District information
- Grades: Pre-K to 12
- Superintendent: David Cappuccio Jr.
- Business administrator: Pasquale Yacovelli
- Schools: 5

Students and staff
- Enrollment: 1,691 (as of 2020–21)
- Faculty: 150.0 FTEs
- Student–teacher ratio: 11.3:1

Other information
- District Factor Group: A
- Website: www.buenaschools.org
| Ind. | Per pupil | District spending | Rank (*) | K-12 average | %± vs. average |
| 1A | Total Spending | $19,128 | 51 | $18,891 | 1.3% |
| 1 | Budgetary Cost | 13,750 | 36 | 14,783 | −7.0% |
| 2 | Classroom Instruction | 8,004 | 29 | 8,763 | −8.7% |
| 6 | Support Services | 2,372 | 51 | 2,392 | −0.8% |
| 8 | Administrative Cost | 1,491 | 31 | 1,485 | 0.4% |
| 10 | Operations & Maintenance | 1,515 | 27 | 1,783 | −15.0% |
| 13 | Extracurricular Activities | 358 | 26 | 268 | 33.6% |
| 16 | Median Teacher Salary | 64,296 | 40 | 64,043 |
Data from NJDoE 2014 Taxpayers' Guide to Education Spending. *Of K-12 districts with 1,800-3,500 students.

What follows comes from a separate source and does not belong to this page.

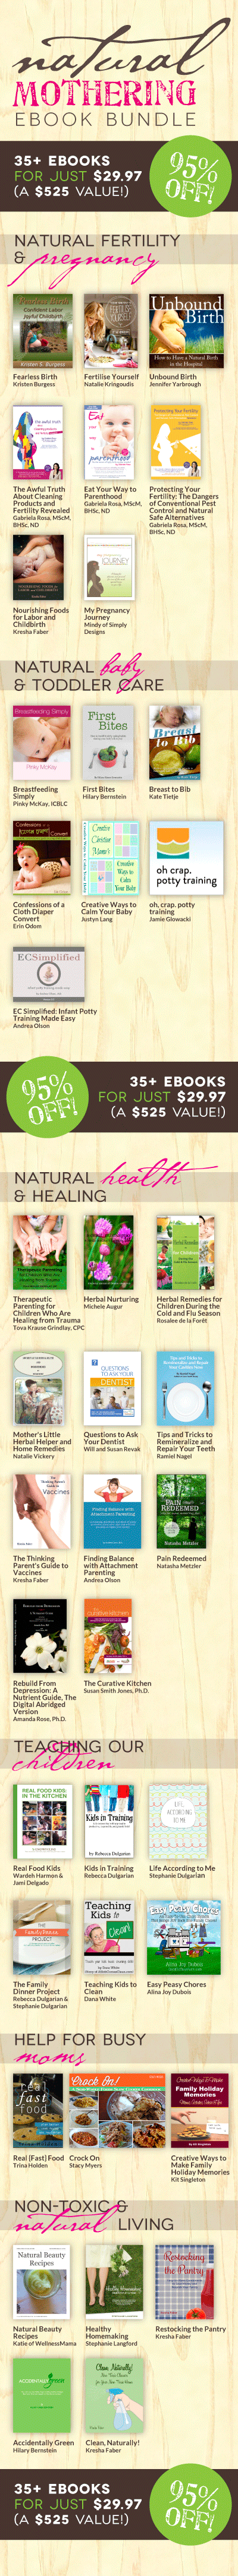 natural-mothering-book sale

Lowest spending=1; Highest=68

= Buena Regional School District =

School district in Atlantic County, New Jersey, US

The Buena Regional School District is a comprehensive regional public school district serving students in pre-kindergarten through twelfth grade from Buena Borough and Buena Vista Township, two municipalities in Atlantic County, in the U.S. state of New Jersey. Students are sent to the district's high school for grades 9 - 12 from both Estell Manor City and Weymouth Township as part of sending/receiving relationships with the respective school districts.

As of the 2020–21 school year, the district, comprising five schools, had an enrollment of 1,691 students and 150.0 classroom teachers (on an FTE basis), for a student–teacher ratio of 11.3:1.

The district is classified by the New Jersey Department of Education as being in District Factor Group "A", the lowest of eight groupings. District Factor Groups organize districts statewide to allow comparison by common socioeconomic characteristics of the local districts. From lowest socioeconomic status to highest, the categories are A, B, CD, DE, FG, GH, I and J.

== History ==
In June 2009, the New Jersey Department of Education ruled that Newfield, a non-operating district seeking to cut costs for its tuition students, could end its relationship with the Buena Regional School District and as of the 2011–12 school year could start sending incoming high school students in grades 7–9 to Delsea Regional High School, under a transition in which students at Buena's high school would remain in the district until they graduated.

== Schools ==
Schools in the district (with 2020–21 enrollment data from the National Center for Education Statistics) are:
- Elementary schools
- Collings Lakes Elementary School with 197 students in grades K-2
  - Richard A. Lawrence, principal
- John C. Milanesi Elementary School with 259 students in grades PreK-2
  - Moses White, principal
- Dr. J.P. Cleary Elementary School with 309 students in grades 3-5
  - Leonard Long, principal
- Middle school
- Buena Regional Middle School with 336 students in grades 6-8
  - Karen Cavalieri, principal
- High school
- Buena Regional High School with 535 students in grades 9-12
  - Christina Collazo-Franco, principal

==Administration==
Core members of the district's administration are:
- David Cappuccio Jr., superintendent
- Pasquale Yacovelli, business administrator and board secretary

==Board of education==
The district's board of education is comprised of nine members who set policy and oversee the fiscal and educational operation of the district through its administration. As a Type II school district, the board's trustees are elected directly by voters to serve three-year terms of office on a staggered basis, with three seats up for election each year held (since 2012) as part of the November general election. The board appoints a superintendent to oversee the district's day-to-day operations and a business administrator to supervise the business functions of the district. Seats on the board of education are allocated based on population, with six assigned to Buena Vista Township and three to Buena Borough.